Okay I know that this little Craftsman Lathe is to small but still.
I have a 3/4 thick x 3-1/2 round disc.
I put the disc in a 4 jaw chuck got it centered and turn it on.The disc is a36 steel
All I had was one 1/4 inch tool steel I shaped it according to something I read.
Any way all its doing is grinding the cutter. Not even scoring the disc.
What am I doing wrong?


----------



## francist (Aug 6, 2017)

A picture would really help here, there are many variables that come into play especially for a first-timer. A few that you could check right away though:

-you say you ground your own cutter. Make sure it is indeed sharp and that you have it set up in the holder so that there is clearance underneath the cutting edge. No clearance there = no cutting there.
- are you turning or facing? I am guessing facing, but not sure. At any rate, is the mill scale still present on the surface you are trying to cut? If so, you need a sharp tool and agressive depth of cut to get through that. It can be challenging, especially for a small machine, and it does make short work of a sharp tool if you just peck at it.
- is your cutter on the centre height of the spindle? Put a centre in your tailstock, bring the cutter up to that, and make sure the two points are lined up. If not, adjust. There are other more fussy ways to get closer, but for starters that should get you into the ballpark of making some form of cut.

-frank


----------



## dulltool17 (Aug 6, 2017)

A description of what operation you're performing would help.  I'll second all that Frank said.


----------



## azshadeguy (Aug 6, 2017)

Here are some pictures
I am trying to turn this down to 3"
I have a tubing bender that has 3" shaft collars on it. It is missing one.
 I will pull in the tailstock and check the height
Thanks 



Paul


----------



## ELHEAD (Aug 6, 2017)

Disc appears to be torch cut. If so you may need to grind to the heat affects hard edge before attempting to turn.
Good luck.
Dave


----------



## mikey (Aug 6, 2017)

I agree that a flame cut disc can be quite hard at the edges. A turning cut at the edge to get under the top layer might do it, or you can anneal the entire disc to soften it before cutting. It should face okay, though, at least past the edge.


----------



## markba633csi (Aug 6, 2017)

Is that a good quality tool you are using? Also with a large workpiece the surface feet per minute will be high at the outer edge so use a slow enough
spindle speed and some cutting oil- carbide tools are great for that flame-cut stuff
Mark S.


----------



## 682bear (Aug 6, 2017)

What spindle speed are you turning at? A rough surface like that should be turned very slowly until it cleans up... also, being torch cut, it may be a lot harder on the edge than in the center.

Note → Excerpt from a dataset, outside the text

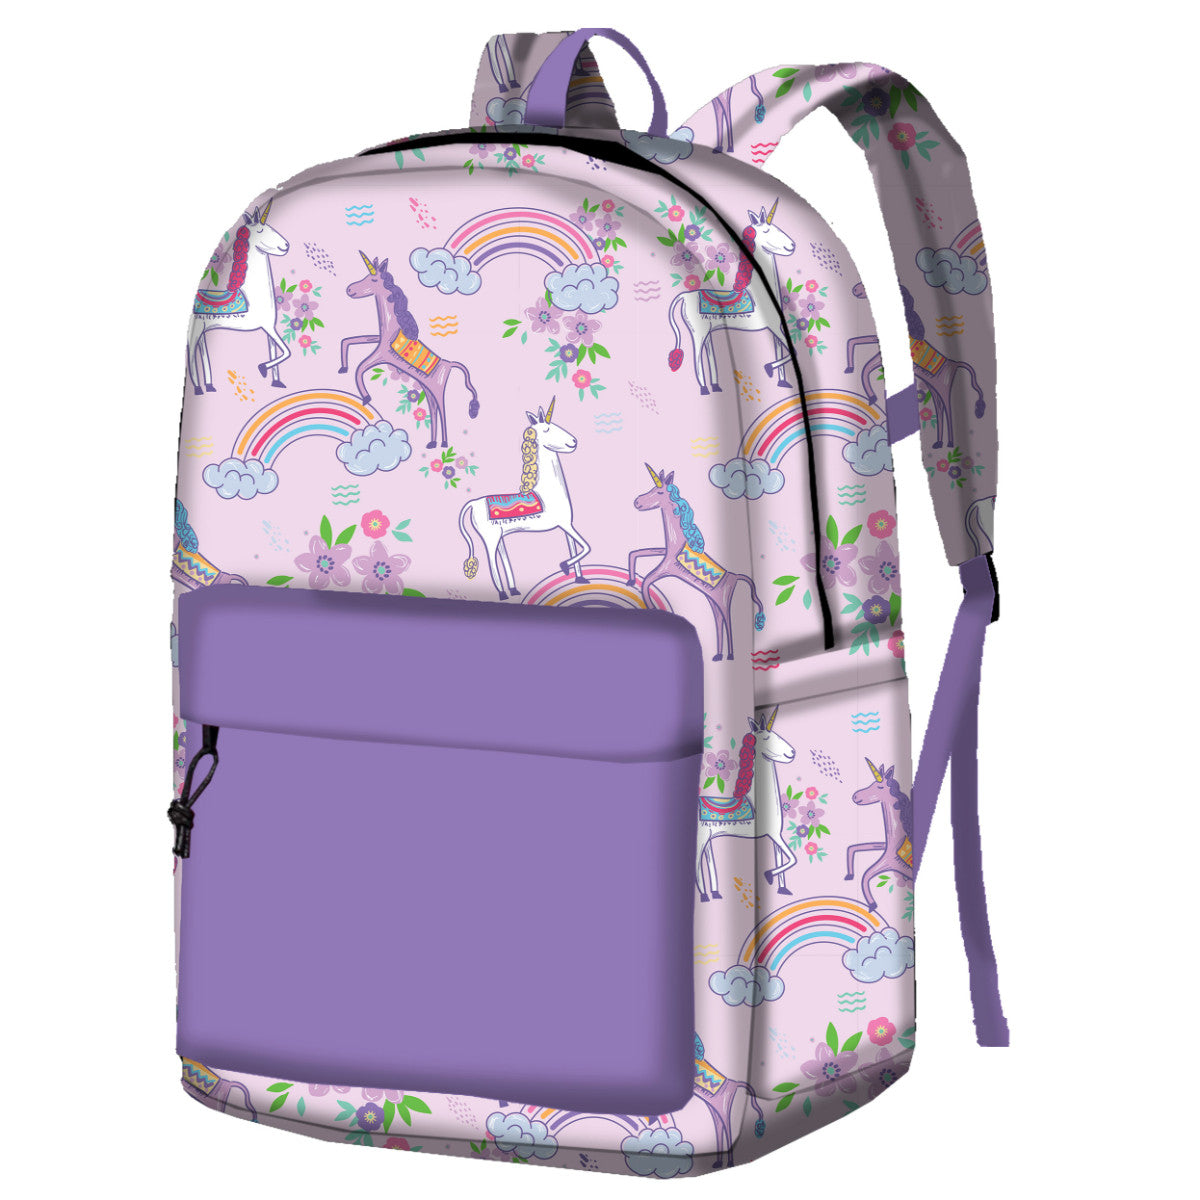 Kid's Magical Backpack

It may help to slow it down and, starting at the edge, feed toward the center until it cleans up, back out, move to the left .010 thousandths, then feed back toward the center... repeat.

In other words, rather than feeding across the cut edge, feed into the cut edge... being sure not to cut past your finish diameter of course. When you get the edge cleaned up, it should cut easier.

Also, I can't tell for sure in the pics, but it looks like you may have too much relief below your cutting edge, making the edge weak. For an interrupted cut, you need just enough relief to prevent 'rubbing' the workpiece.

-Bear


----------



## Hawkeye (Aug 6, 2017)

I have one such disk that a file won't cut. It's either all hardened, or, as mentioned above, the flame cutting may have hardened the outer layer. Have you tried scratching it with a file?


----------



## tq60 (Aug 7, 2017)

Get the largest brazed carbide that cuts on the left side that you can hold in your tool post.

Adjust so tip of tool is as close as possible to tool post so it has less leverage to it.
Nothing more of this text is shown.